Union Bank of the Philippines said Monday it raised P18.17 billion through the issuance peso-denominated fixed rate bonds, a dual tranche offering that received strong demand from both retail and institutional investors.
The initial offer was P1 billion each for the 1.5 years and 3 years bond series.
The 1.5-year Series F bonds due 2025 raised a total of P10.34 billion and carries an interest rate of 6.5625 percent a year while the 3-year Series G bonds due 2026 raised a total of P7.83 billion and carries an interest rate of 6.6800 percent.
Along with the new bond issuance, UnionBank also implemented the country’s first public non-sovereign bond exchange which extended to the holders of its P8.12 billion 2.750 percent Fixed Rate Series C Bonds due 9 December 2023 the option to swap their current bonds to new bonds.
A total P236.7 million worth of maturing bonds were exchanged for the new bonds, whose settlement date in Monday, 4 December, a day before the scheduled listing of the new bond series on the Philippine Dealing and Exchange Corp.
“Fuelled by our passion to address the needs of our customers, we introduced the Bond Exchange program to provide a reinvestment option for existing investors.

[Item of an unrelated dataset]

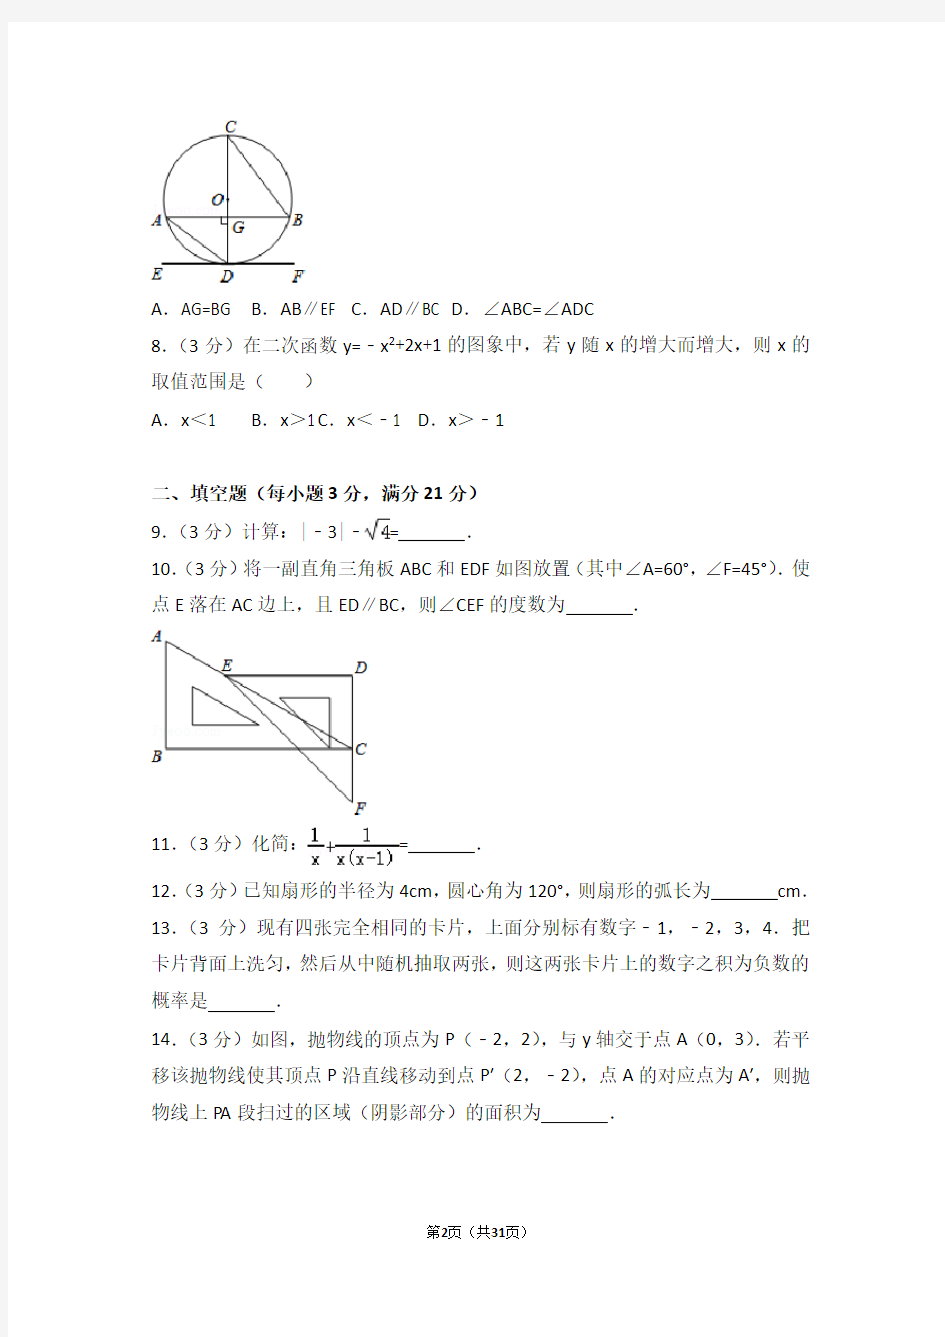 2013年河南省中考数学试卷

We are grateful for the support of our investors as their confidence in the Bank allowed us to raise our largest Peso bond issuance to date.” said Johnson Sia, treasurer and head of global markets.
ING Bank N.V., Manila Branch and Standard Chartered Bank are the joint lead arrangers and bookrunners for the New Bonds. They are also the selling agents for the offering of the new bonds together with UnionBank.